Okay, so I know I’m not the only one writing about what the Twitter world collectively calls "Ubergate," but I think it’s important to delve into this issue a bit here and flesh out why this demonstrates the organizational need for privacy professionals and privacy ethics.

Much of this current firestorm centers on the alleged unethical use of sensitive personal data collected every day by the popular rideshare start-up.

To quickly sum this latest privacy kerfluffle: A journalist, himself using questionable ethics, quoted Uber's senior vice president's off-the-record discussion about using data collected from its services to go after its enemies. But this isn't the only time the media has focused on what many sources have been calling  a culture problem at Uber, particularly its questionable use of customer data. For example, according to venture capitalist Peter Sims, Uber used a “God View” for stalking purposes, while others have raised concerns about how the company has mined its data as seen in its “Rides of Glory” and “crime location knowledge demand” blog posts.

The company, which was formed in 2009, does have a privacy policy, and it has repeatedly pointed out that it has clear policies against the use of travel logs outside of legitimate business purposes. A spokesman said, “These polices apply to all employees. We regularly monitor and audit that access." 

Plus, on Thursday, a representative from Uber told me, "We have a privacy team within the legal department under managing counsel Katherine Tassi. Katherine reports to our GC and joined Uber this past summer" and that they "are continually building their team internally."

Regardless, this media flap is a nightmare. In addition to slews of negative headlines, it has gotten the attention of U.S. lawmakers, particularly Sen. Al Franken (D-MN). On Thursday, he sent a list of 10 questions he wanted answered about the company's data-handling practices.

Clearly, the lesson here is privacy cannot be ignored, pushed aside or minimized in organizations. Privacy must be addressed with experts who are trained to spot privacy issues and questionable uses. 

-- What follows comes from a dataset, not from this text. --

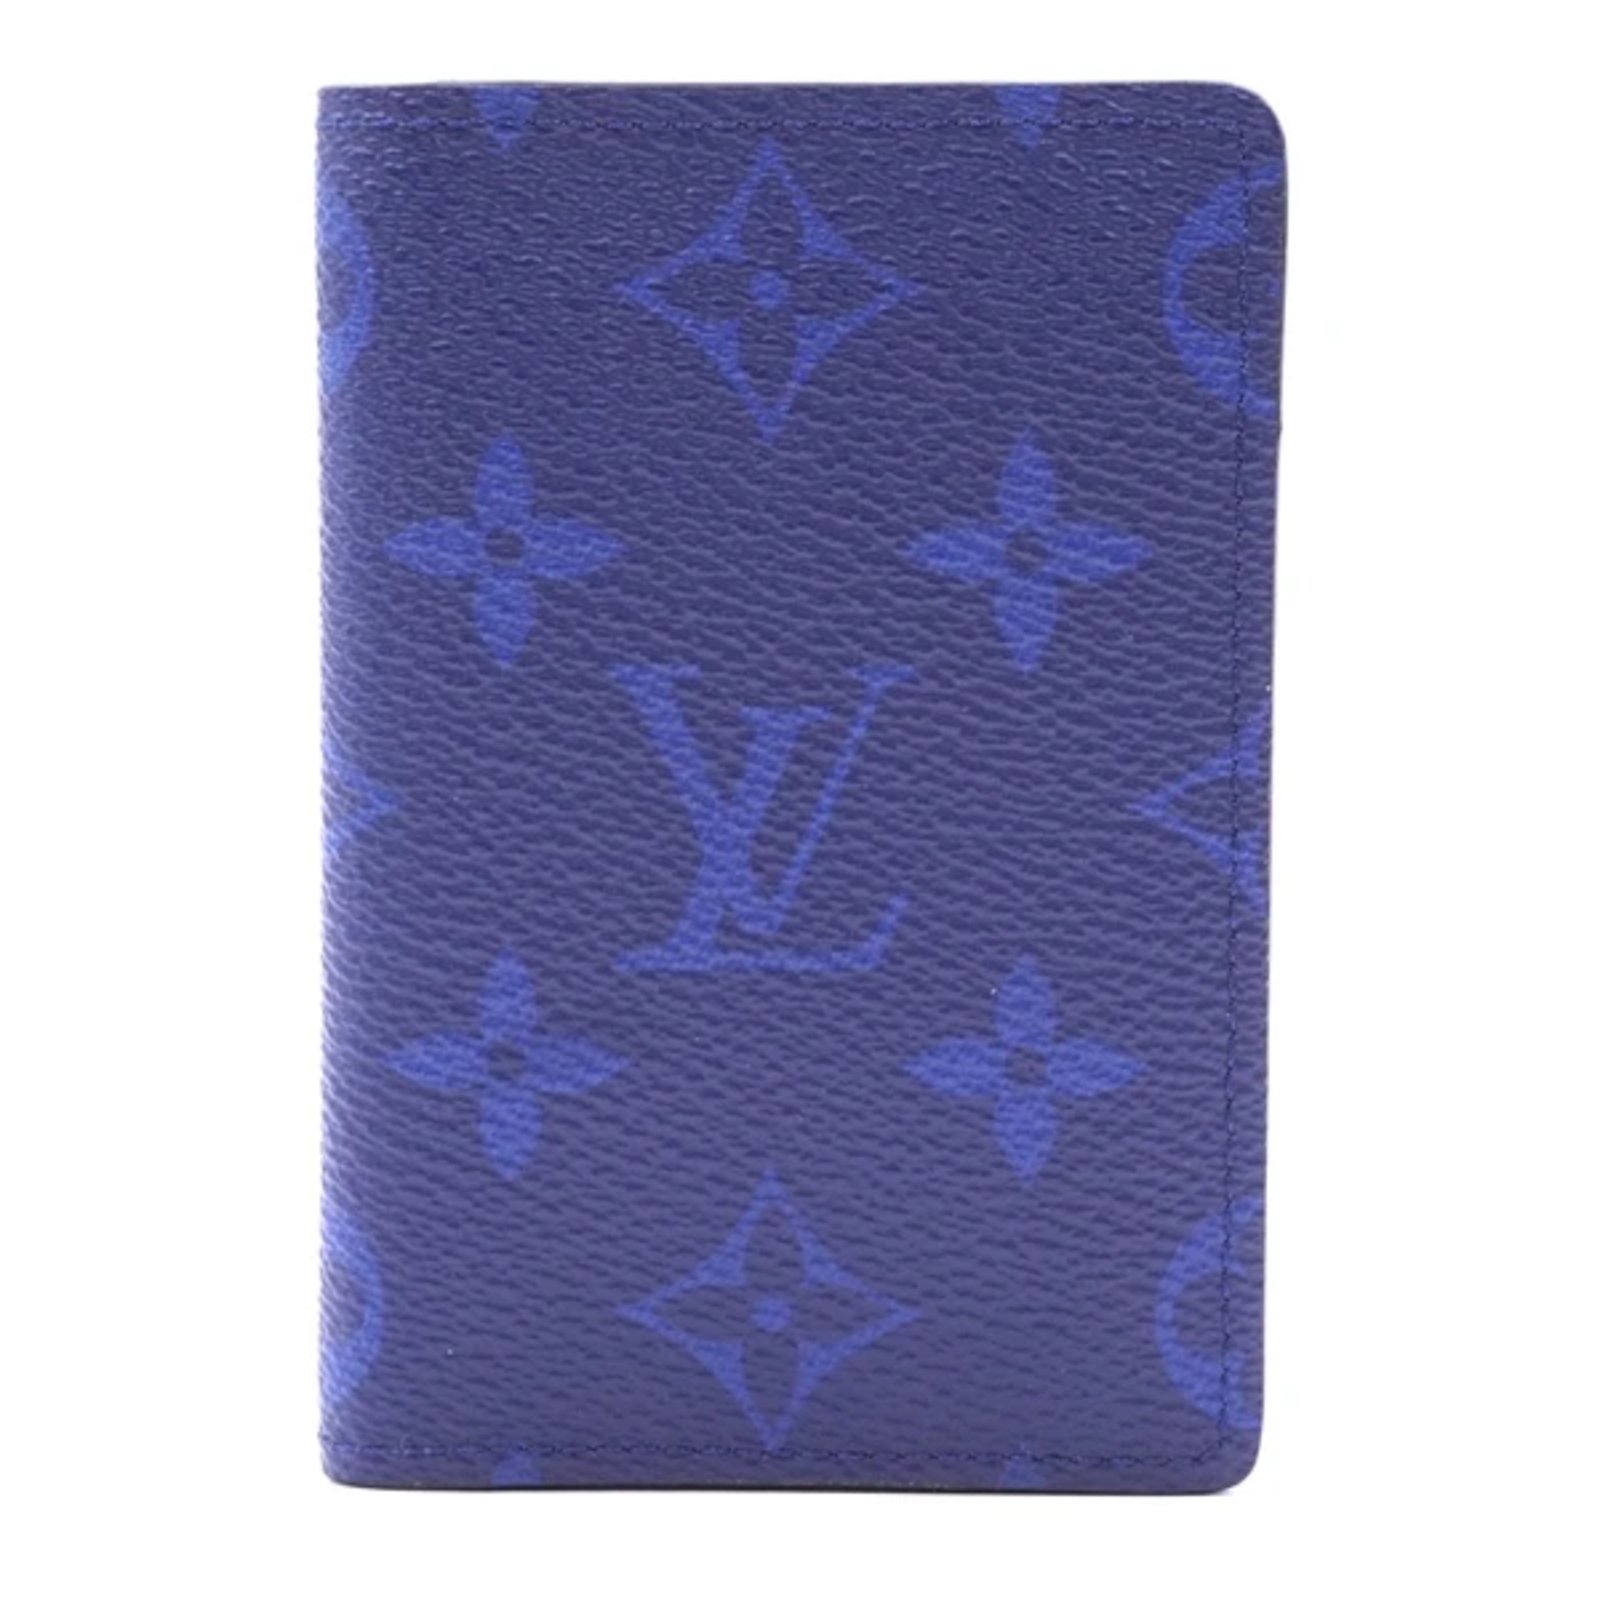 Lv Blue Monogram Wallet - Foto Kolekcija

It looks like Uber is learning this important lesson as is evidenced by their internal privacy team improvements and hiring of Harriet Pearson, CIPP/US, and the Hogan Lovells team. Uber is definitely in capable hands, but it could have avoided this firestorm and likely saved a lot of money if it had ingrained privacy and privacy professionals into its services years—instead of months—ago. As Pearson says, "Trust founded on confidentiality and information security lies at the very heart of Uber's business, and we will be working with the team to review and reinforce where appropriate its policies and systems."

Your customers care about what you do with their data, but more and more are feeling a loss of control. Just look at the recent Pew Internet Research report on this. UC Berkeley Law Prof. Chris Hoofnagle, in a report for The Washington Post, rightly said, “We have never in history been at a point where we were more extortion-able.” He’s correct. This is the society in which we’re taking part, and we’re all becoming more vulnerable because of it.

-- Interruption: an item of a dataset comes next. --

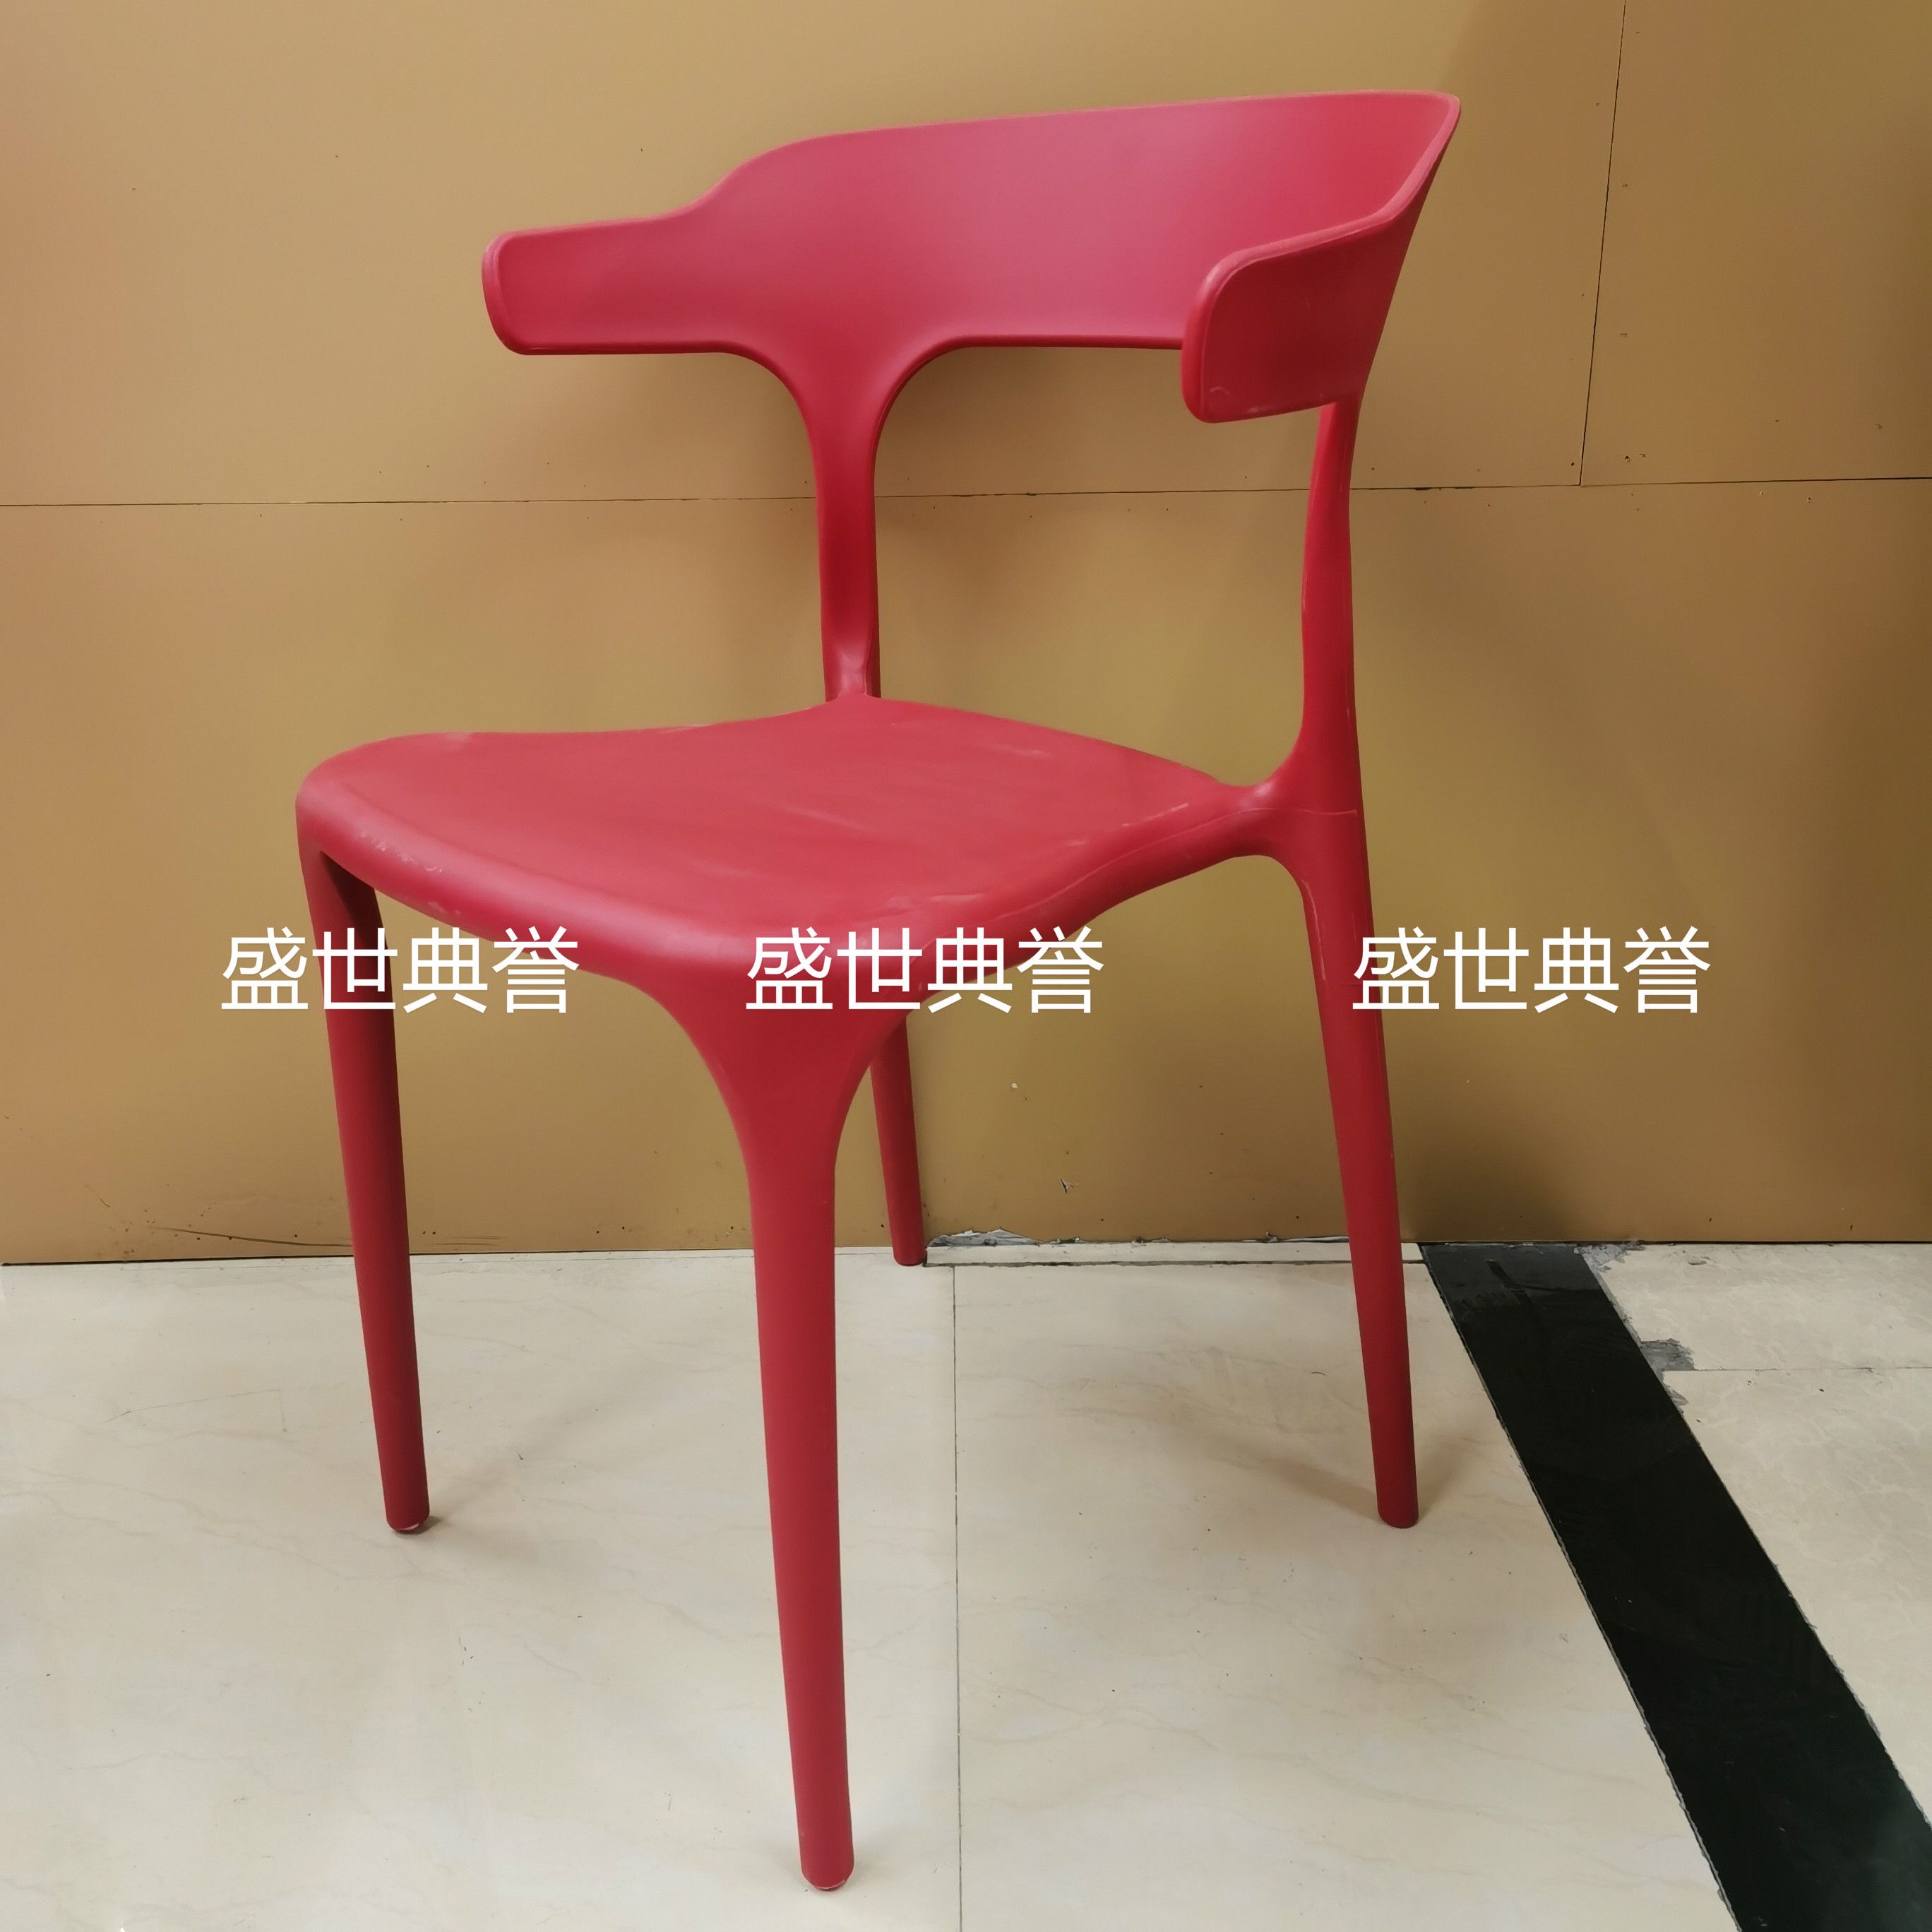 广州外贸批发户外婚礼椅子婚庆塑料折叠椅主题餐厅北欧时尚餐椅

Earlier this year, on this blog, Trevor Hughes, CIPP, and Omer Tene called for strong ethical practices, even if laws are not being violated, in all organizations and explained how privacy pros can help fill that role by training “personnel to spot privacy issues and flag concerns.” Additionally, Prof. Ryan Calo has called for consumer subject review boards to help operationalize this need. It's high time companies start implementing strong ethical practices such as these.

Uber has been a hugely successful company for many reasons, but it appears that privacy was not as high a priority as it should have been. It's good to see them now redoubling their privacy efforts and making privacy an inextricable part of its services. Now that they have Pearson and her team of privacy experts, they surely will. But at what cost? Surely, this would have cost less, both in finance and reputation, if they had considered privacy more deeply from the start.

As more and more companies spring up to provide killer new services, it’s likely that tons of sensitive personal information will be collected. How responsibly companies use that data will matter more than ever.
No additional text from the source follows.